Mechanical power press point of operation safeguards must accomplish the following goals:

  • Prevent or stop the normal press stroke if the operator’s hands are in the point of operation; or
  • Prevent the operator from reaching into the point of operation as the die closes; or
  • Withdraw the operator’s hands if inadvertently placed in the point of operation as the die closes; or
  • Prevent the operator from reaching the point of operation at any time; or
  • Require the operator to use both hands for the machine controls that are located at such a distance that the slide completes the downward travel or stops before the operator can reach into the point of operation; or
  • Enclose the point of operation before a press stroke can be started to prevent the operator from reaching into the danger area before die closure or enclose the point of operation prior to stoppage of the slide motion during the downward stroke.

    Source: 29 CFR 1910.217(c)(3)(i).

“No Hands-in-Die” Policy

In general, a “no-hands-in-die” policy needs to be implemented and followed whenever possible – that is, in the event the press is not designed for “hands-in-die” production work. Under this policy, operators must never place their hands in the die area (point-of-operation) while performing normal production operations.

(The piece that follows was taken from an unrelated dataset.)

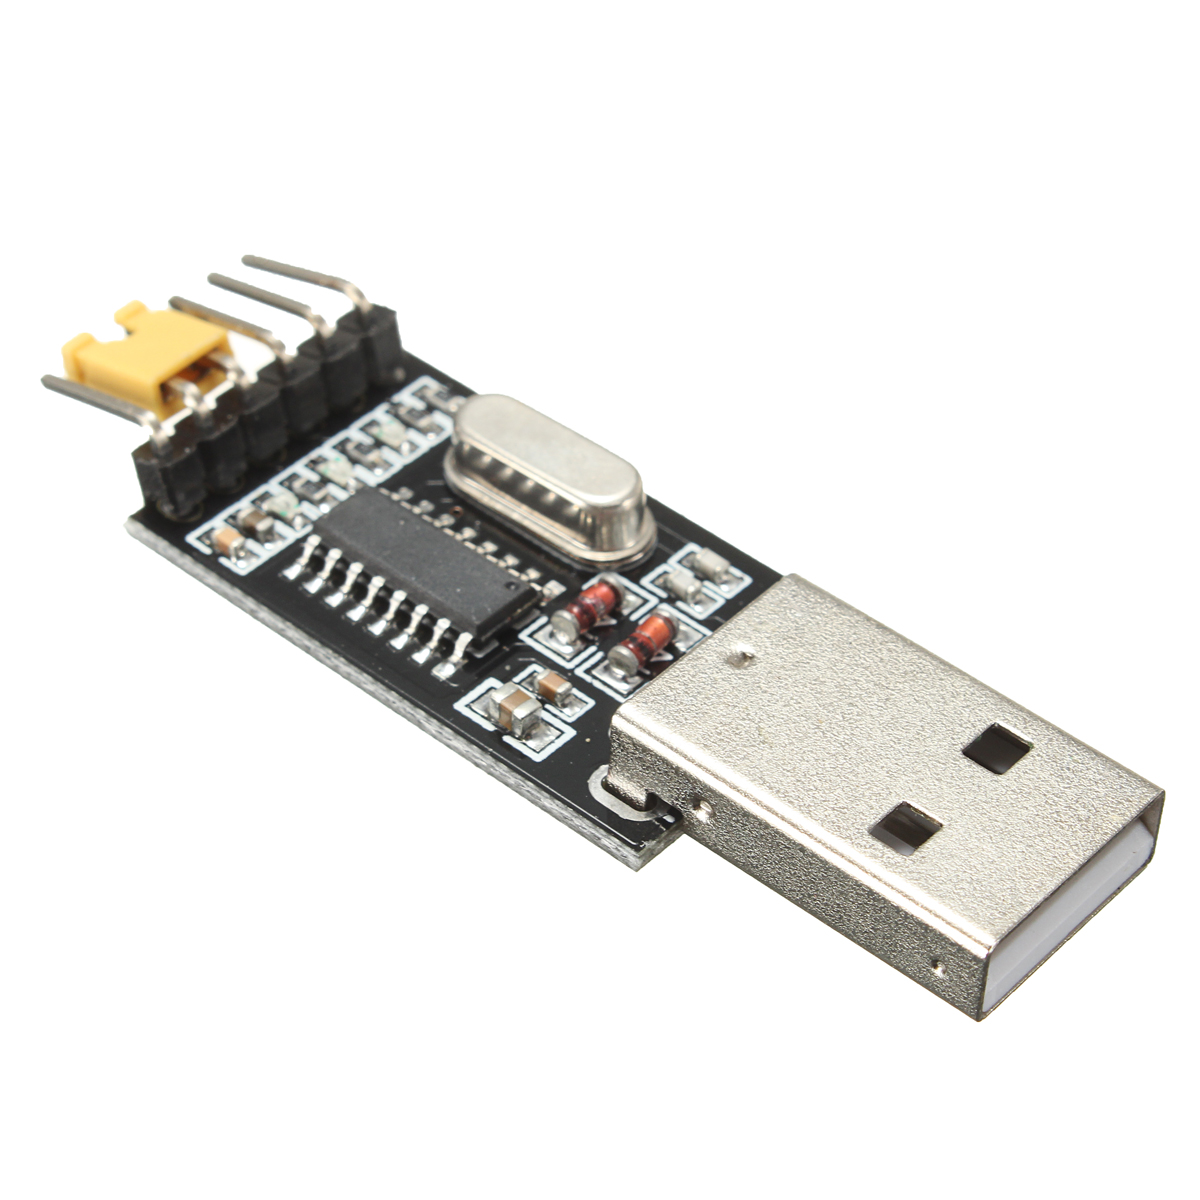 3pcs-33V-5V-USB-to-TTL-Converter-CH340G-UART-Serial-Adapter-Module-STC-1314969-2

Adherence to this safety practice will reduce the risk of point of operation amputations.

In terms of part-revolution mechanical power presses that use a two-hand control, presencesensing device or type B gate, OSHA does allow “hands-in-die” operation if the press control reliability and brake monitoring system requirements are met. If these press design safety features are not complied with, then employers must incorporate a “no-hands-in-die” policy.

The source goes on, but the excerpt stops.